Some significant differences were observed between the language samples regarding age, years of education, ISS, GCS at baseline, and GOSE at six months. Dutch participants were significantly older (52.9 ± 19.1) compared to all but the Italian sample. Finnish (13.3 ± 3.16) and Italian (12.4 ± 4.37) participants had slightly fewer (but statistically significant) years of education compared to the others. The Italian sample had a lower GCS (11.93 ± 4.13) compared to the Dutch, Finnish, and Norwegian samples. At six months after TBI, Finnish participants recovered slightly better (Mdn = 8; range 3–8) and had less severe extracranial injuries (ISS: 13.3 ± 9.94) compared to individuals from the Netherlands, the UK, Italy, and Spain (ISS only). However, the effects were small according to the predefined cut-offs (i.e., 0.35–0.44 or 0.56–0.63). The distributions of both four (i.e., uncomplicated mild, complicated mild, moderate, and severe) and two (i.e., mild/moderate and severe) TBI severity groups differed between language samples (p < 0.001). The effect sizes represented a small effect (V = 0.13 and V = 0.17, respectively). There was no significant difference in the RPQ total score across the samples. For details, see Additional file 1: Table S2 – Comparisons of language samples regarding sociodemographic and injury-related factors.

Distribution of PCS across language samples and TBI severity groups

The distribution of PCS was similar across all language samples. Fatigue was the most frequently reported symptom at six months after TBI with 37% (Spanish sample) to 56% (English sample), followed by Forgetfulness with 36% (Finnish sample) to 46% (English sample), and Poor concertation with 31% (Spanish sample) to 40% (Italian sample). Individuals from the English sample tended to report more intense PCS (8 out of 16 symptoms were rated as at least a mild problem) compared to participants from other language samples (see Table 3, left part—Language samples).
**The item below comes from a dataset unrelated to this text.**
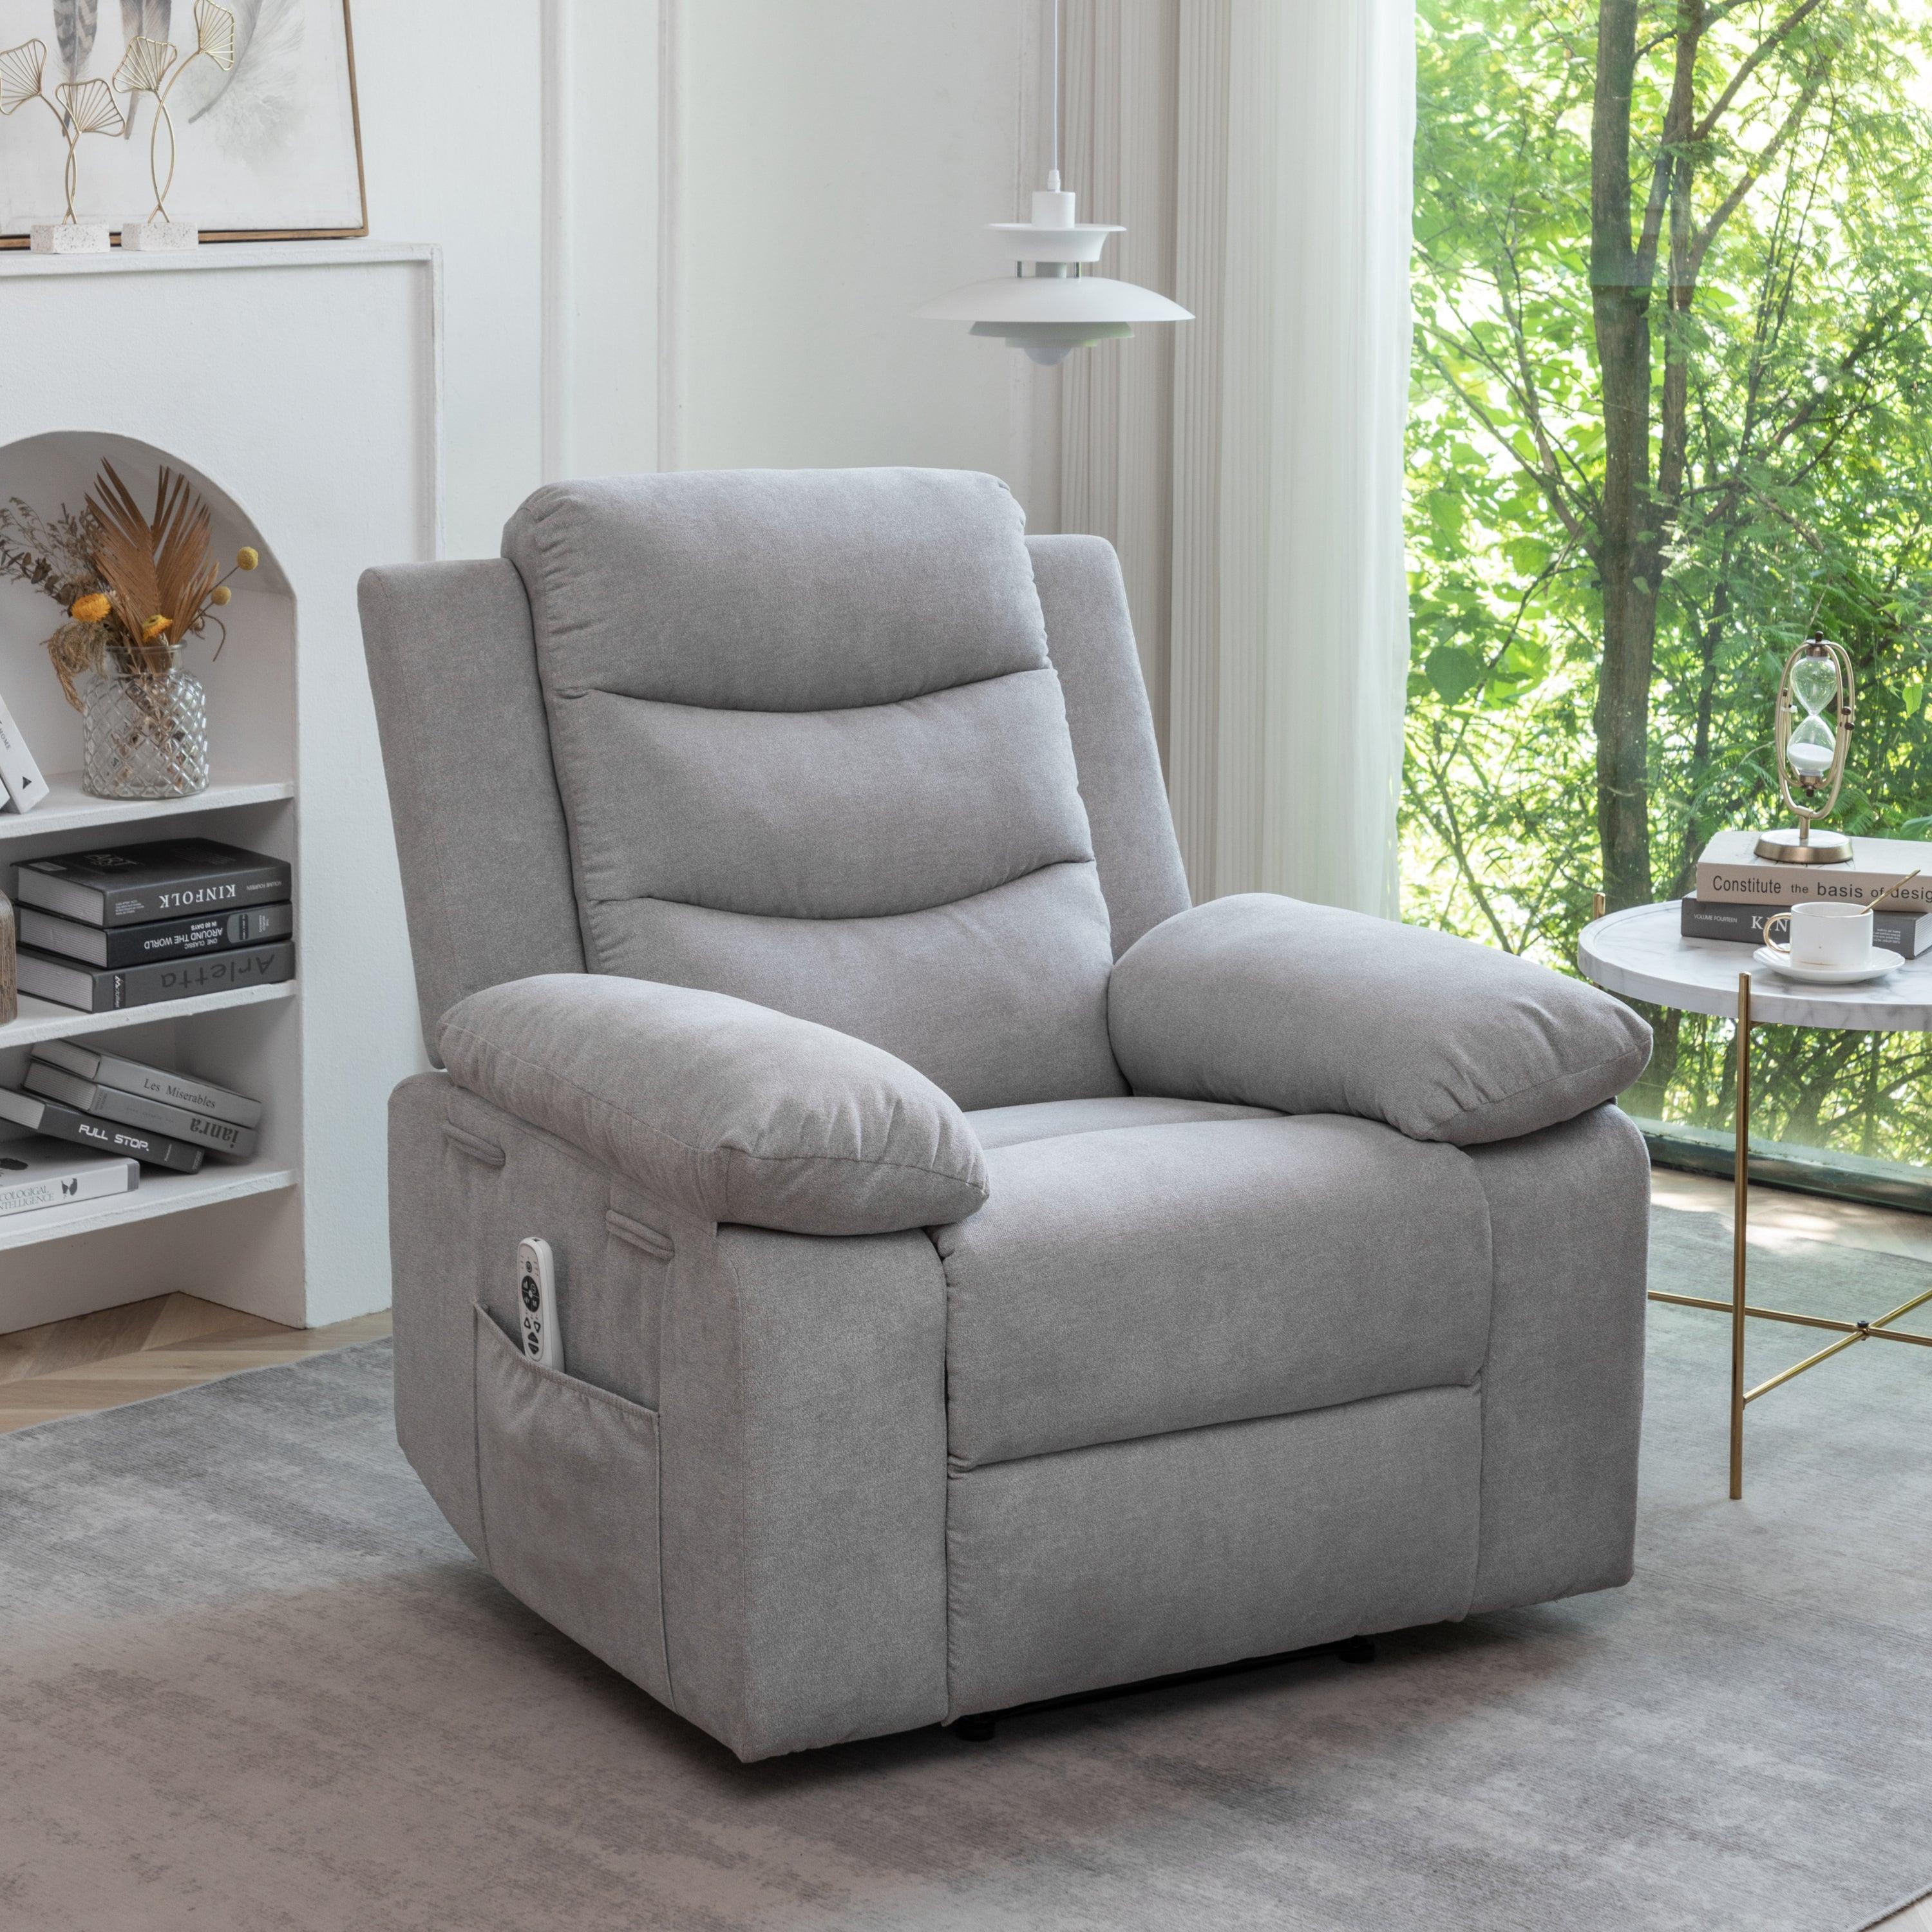 🆓🚛 Pustin Power Fabric Recliner Chair With Adjustable Massage Functions - Light Gray

Table 3 Proportion of PCS rated as at least mild

Similar patterns were observed when examining TBI severity groups. Items Fatigue (44% and 63%), Forgetfulness (38% and 57%), and Poor concentration (34% and 44%) presented the most frequently reported symptoms in both the mild/moderate and severe TBI groups, respectively. More than one-third of individuals after severe TBI also rated the following symptoms as at least mild: prolonged thinking (42%), being frustrated (39%), irritable (36%), and depressed (35%) (see Table 3, right part—TBI severity). For visualization, see Additional file 2: Figure S1 – Distribution of the PCS ratings in (A) each language sample and (B) for the TBI severity groups.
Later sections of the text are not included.